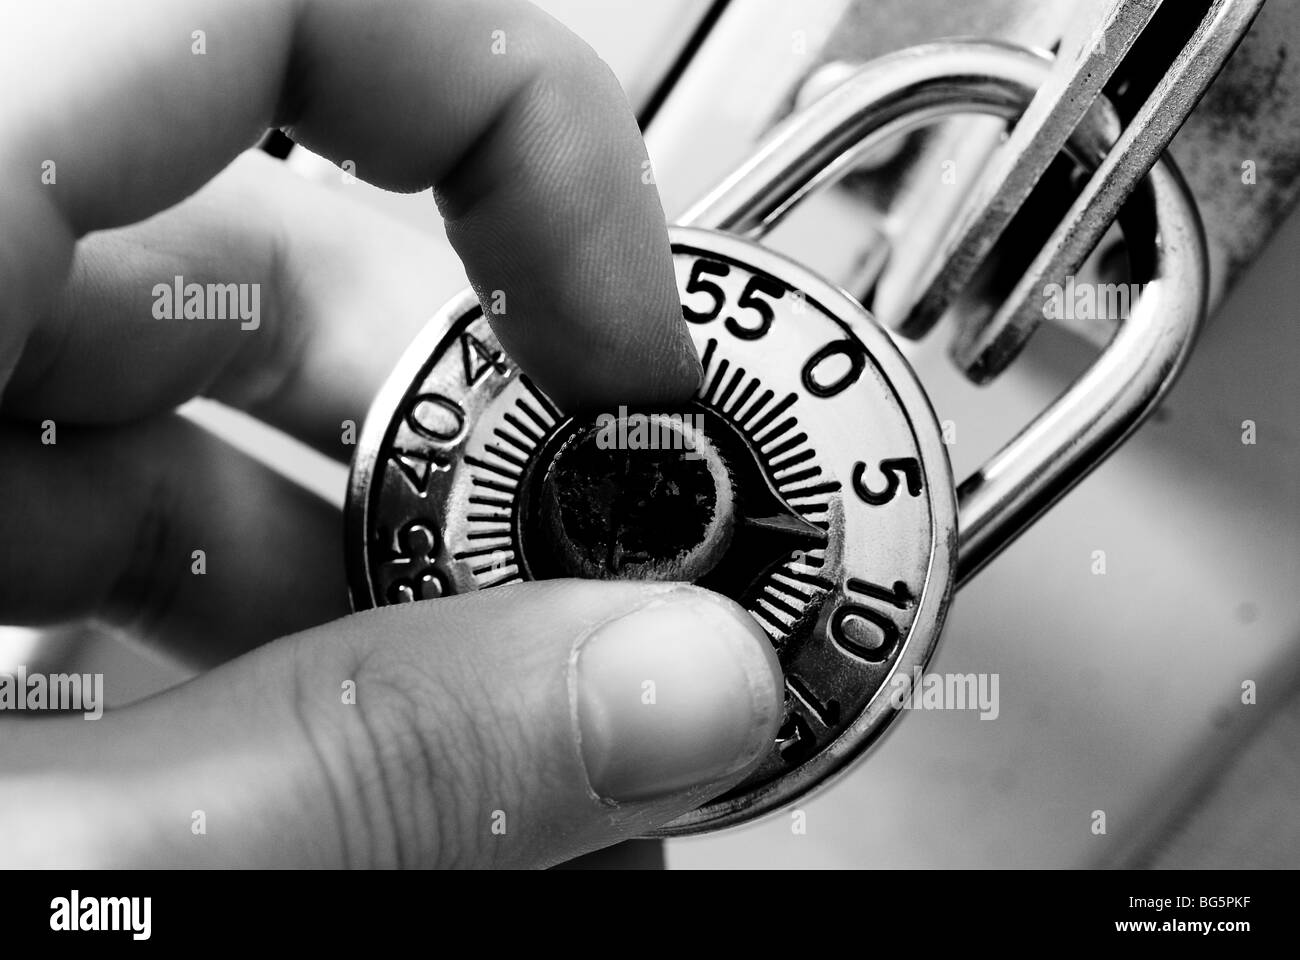 Fingers adjusting the dial on a traditional combination lock. Stock Photo
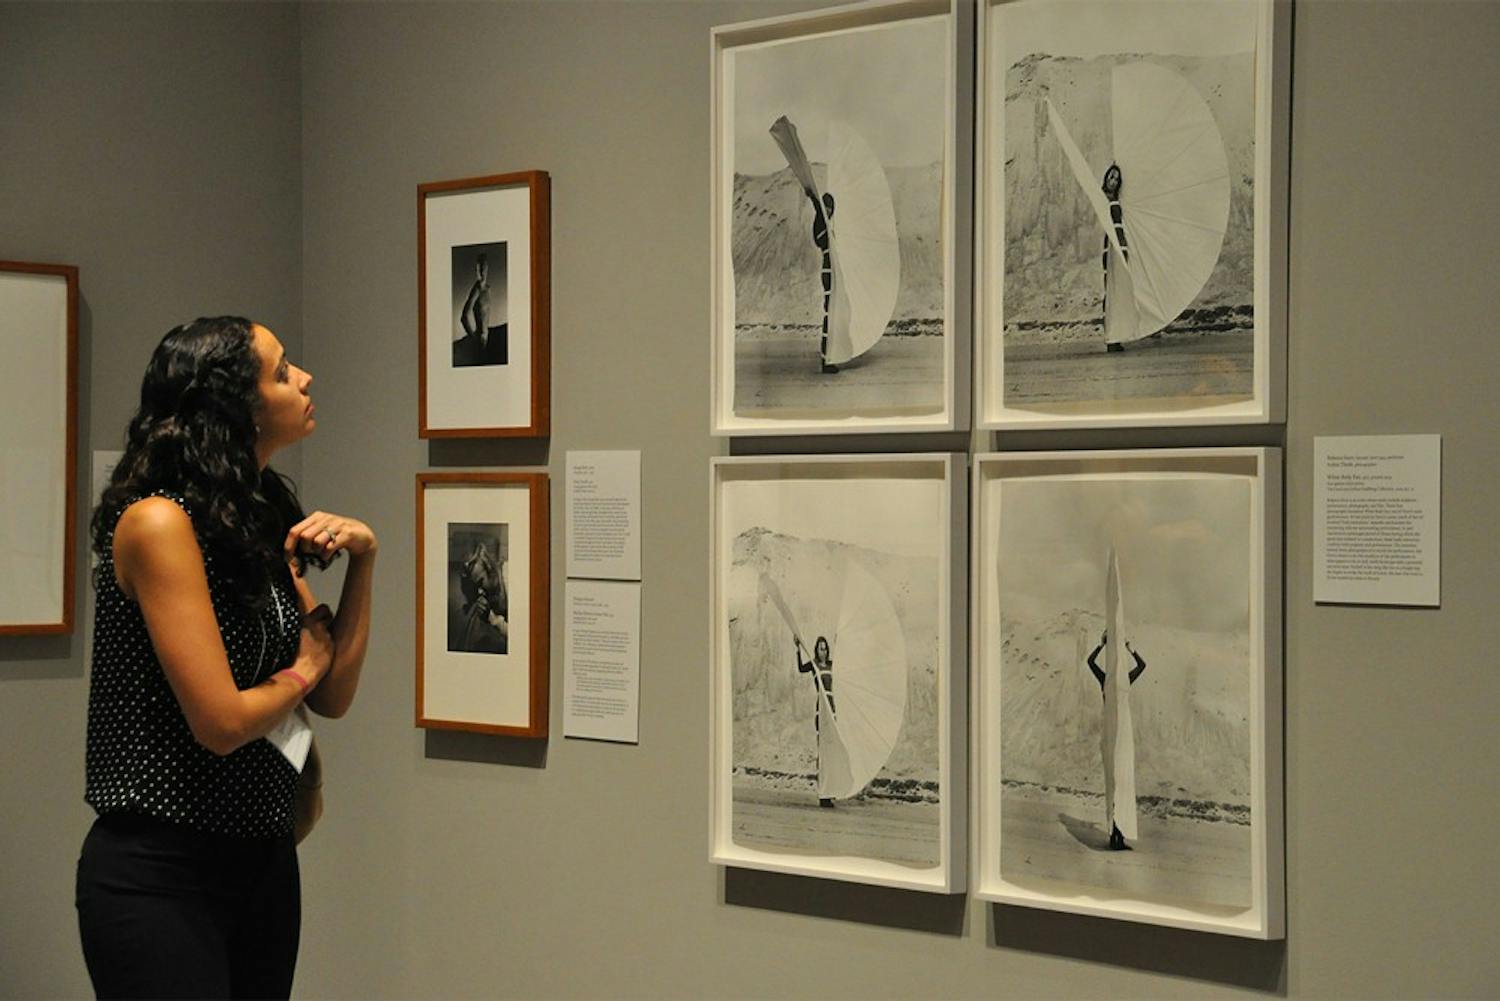 Ackland Art Museum opened its exhibit "PhotoVision" on Thursday, Sept. 18, 2014. The exhibit featured around 150 photographs tracing the history of photography from the nineteenth century to the twenty-first century. Above is Sarada Schossow, a guest at the opening.
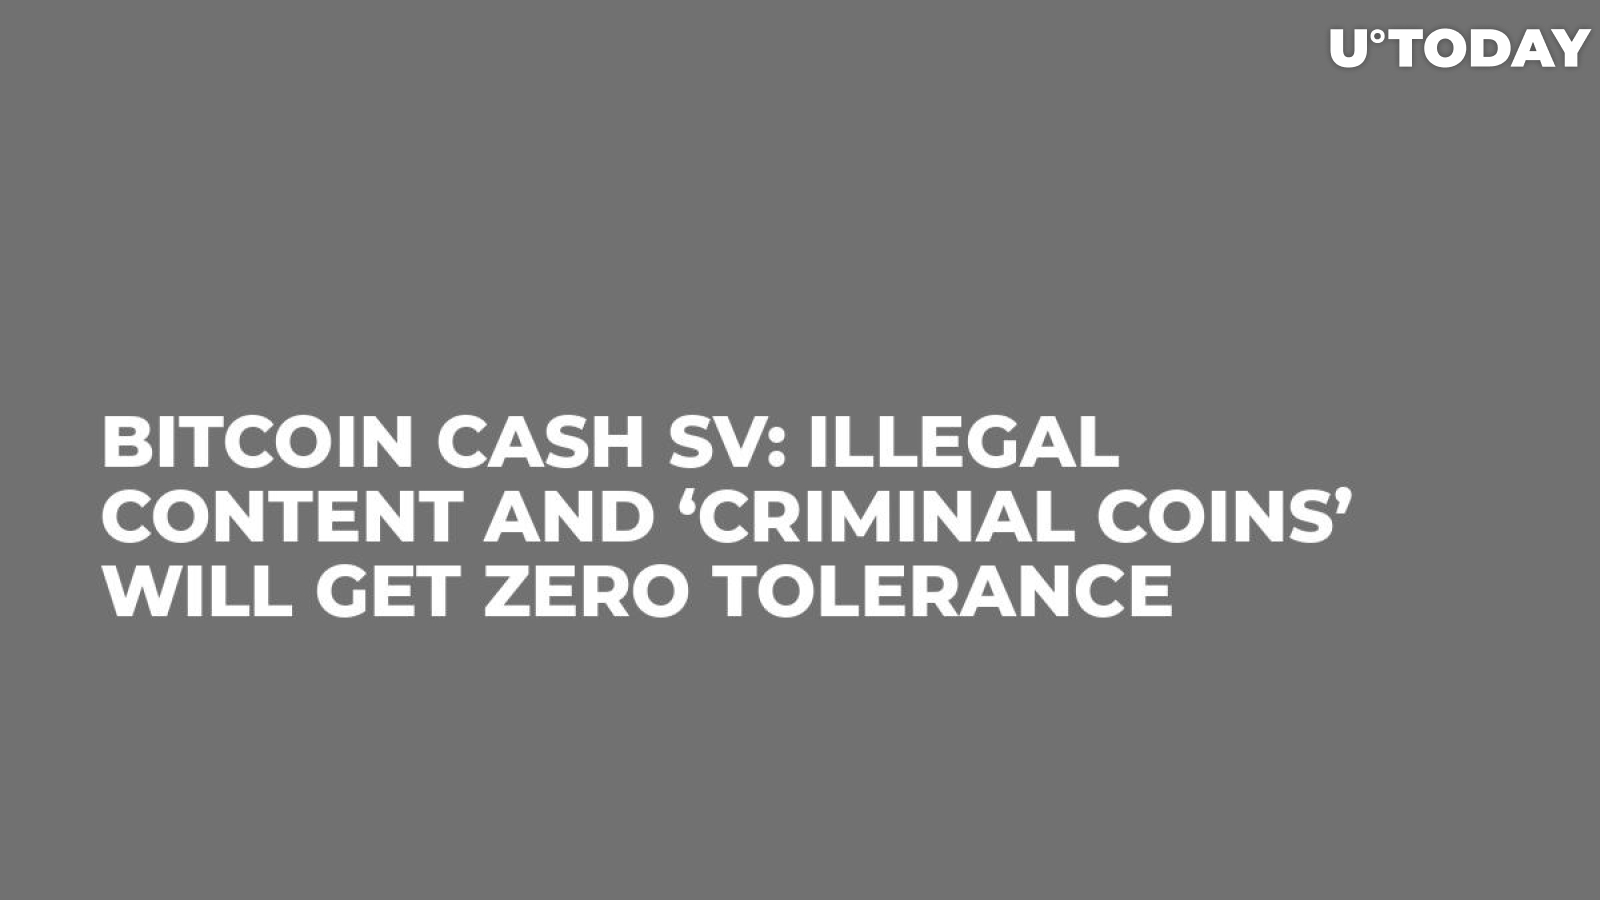 Bitcoin Cash SV: Illegal Content and ‘Criminal Coins’ Will Get Zero Tolerance
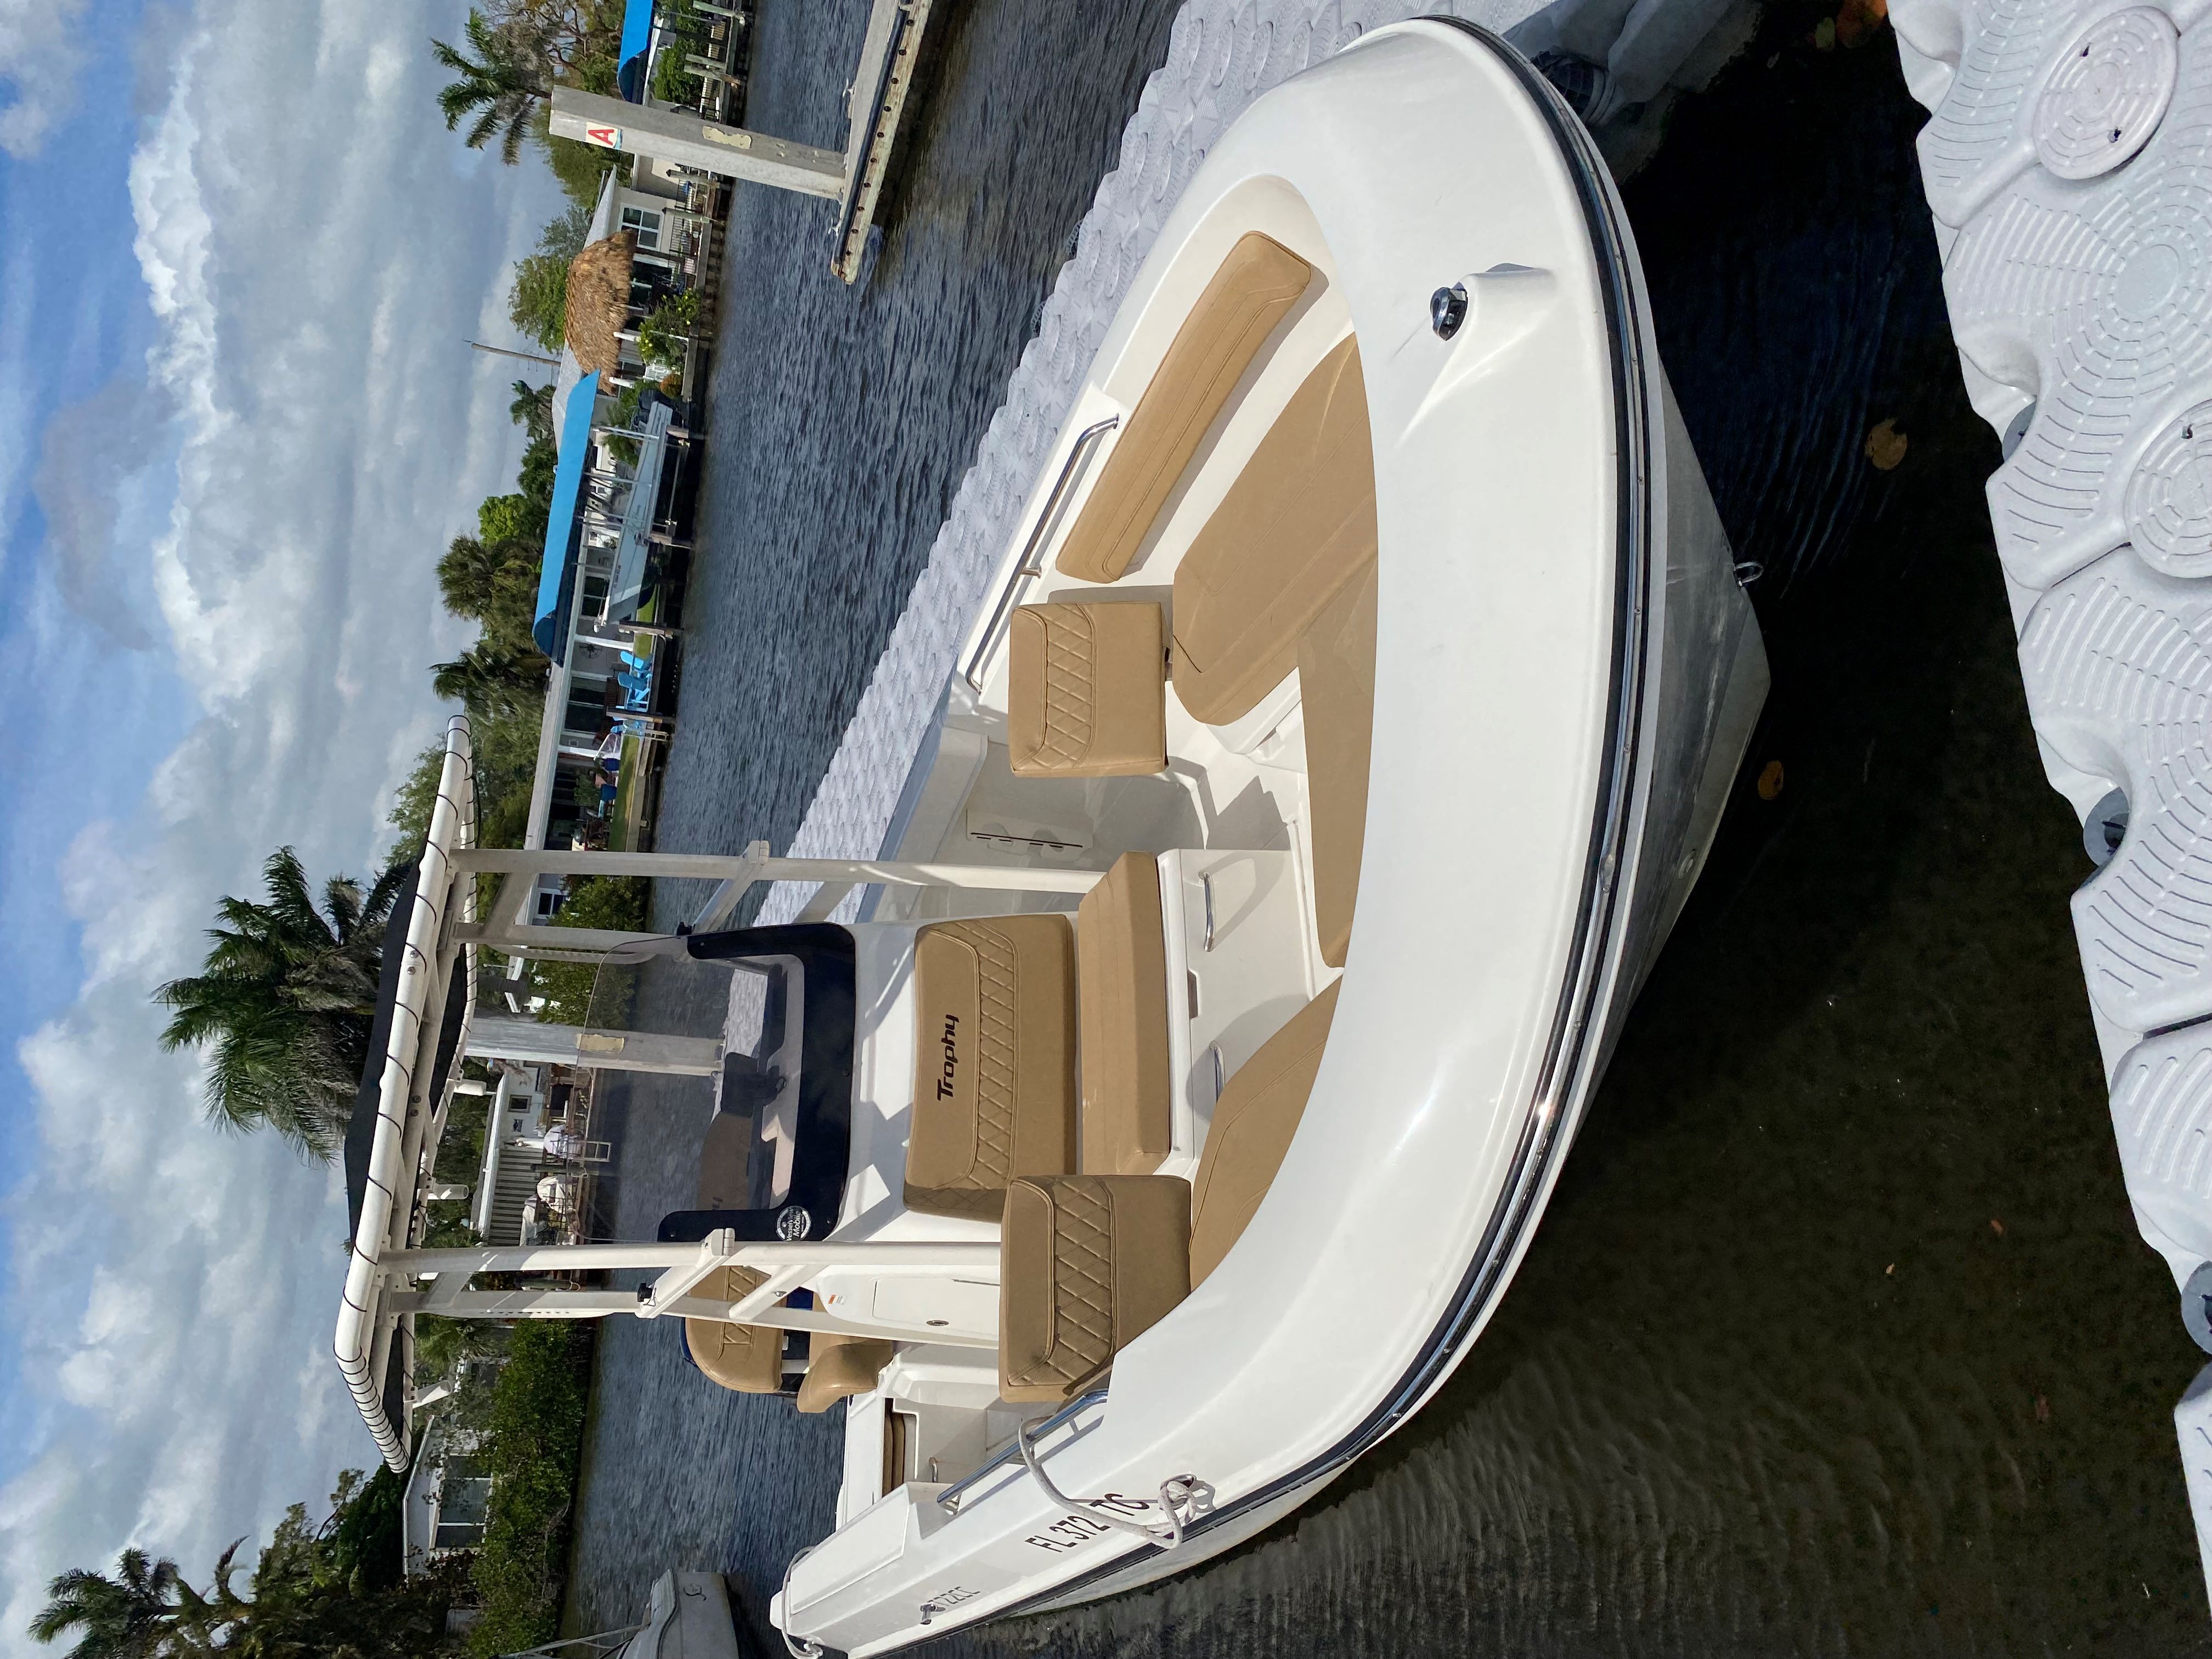 FIN-ATICAL (23FT Bayliner Trophy Center Console - 150 HP~Fishing)

→ WHAT TO DO: Transcribe the listing word for word, but keep its pictures out of the copy.

→ PROBLEM SOLUTION:
 Fingers adjusting the dial on a traditional combination lock. Stock Photo
 Ackland Art Museum opened its exhibit "PhotoVision" on Thursday, Sept. 18, 2014. The exhibit featured around 150 photographs tracing the history of photography from the nineteenth century to the twenty-first century. Above is Sarada Schossow, a guest at the opening.
 Bitcoin Cash SV: Illegal Content and ‘Criminal Coins’ Will Get Zero Tolerance
 FIN-ATICAL (23FT Bayliner Trophy Center Console - 150 HP~Fishing)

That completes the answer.